- [What needs to be done]
What lines in this listing contain the string "Unit"? Report each one by copying it.

- [Provided information]
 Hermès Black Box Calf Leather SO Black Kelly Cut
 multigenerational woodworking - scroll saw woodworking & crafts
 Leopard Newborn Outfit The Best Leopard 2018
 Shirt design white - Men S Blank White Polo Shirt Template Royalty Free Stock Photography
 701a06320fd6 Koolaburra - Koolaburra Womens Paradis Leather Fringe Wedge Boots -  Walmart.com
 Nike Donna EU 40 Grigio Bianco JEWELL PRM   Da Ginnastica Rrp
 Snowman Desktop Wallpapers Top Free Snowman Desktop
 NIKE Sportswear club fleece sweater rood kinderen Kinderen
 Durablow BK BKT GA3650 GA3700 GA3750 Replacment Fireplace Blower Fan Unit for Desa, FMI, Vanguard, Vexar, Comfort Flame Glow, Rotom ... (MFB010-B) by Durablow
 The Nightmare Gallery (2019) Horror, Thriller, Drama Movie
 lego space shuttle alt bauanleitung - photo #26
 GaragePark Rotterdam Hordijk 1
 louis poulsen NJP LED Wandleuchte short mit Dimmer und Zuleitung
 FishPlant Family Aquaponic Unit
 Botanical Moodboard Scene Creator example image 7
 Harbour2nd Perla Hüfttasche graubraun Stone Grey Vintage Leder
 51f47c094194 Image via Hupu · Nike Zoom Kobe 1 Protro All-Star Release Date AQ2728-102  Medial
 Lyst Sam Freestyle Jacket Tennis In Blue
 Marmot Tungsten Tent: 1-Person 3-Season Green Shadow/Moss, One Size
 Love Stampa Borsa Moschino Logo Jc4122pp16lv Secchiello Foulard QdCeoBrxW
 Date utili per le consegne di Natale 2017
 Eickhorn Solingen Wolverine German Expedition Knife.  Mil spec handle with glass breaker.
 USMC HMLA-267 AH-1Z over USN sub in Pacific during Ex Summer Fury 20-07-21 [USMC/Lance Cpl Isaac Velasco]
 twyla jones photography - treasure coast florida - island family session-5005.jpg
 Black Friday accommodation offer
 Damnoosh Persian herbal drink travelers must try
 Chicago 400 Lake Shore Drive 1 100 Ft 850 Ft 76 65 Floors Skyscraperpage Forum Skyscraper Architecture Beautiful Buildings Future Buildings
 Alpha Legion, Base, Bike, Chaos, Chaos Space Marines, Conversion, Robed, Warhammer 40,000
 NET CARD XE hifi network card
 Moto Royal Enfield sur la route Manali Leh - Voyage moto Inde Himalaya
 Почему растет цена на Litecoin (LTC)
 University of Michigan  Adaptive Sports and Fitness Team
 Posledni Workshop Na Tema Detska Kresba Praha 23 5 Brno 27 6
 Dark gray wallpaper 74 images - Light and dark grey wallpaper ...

- [Result below]
 Durablow BK BKT GA3650 GA3700 GA3750 Replacment Fireplace Blower Fan Unit for Desa, FMI, Vanguard, Vexar, Comfort Flame Glow, Rotom ... (MFB010-B) by Durablow
 FishPlant Family Aquaponic Unit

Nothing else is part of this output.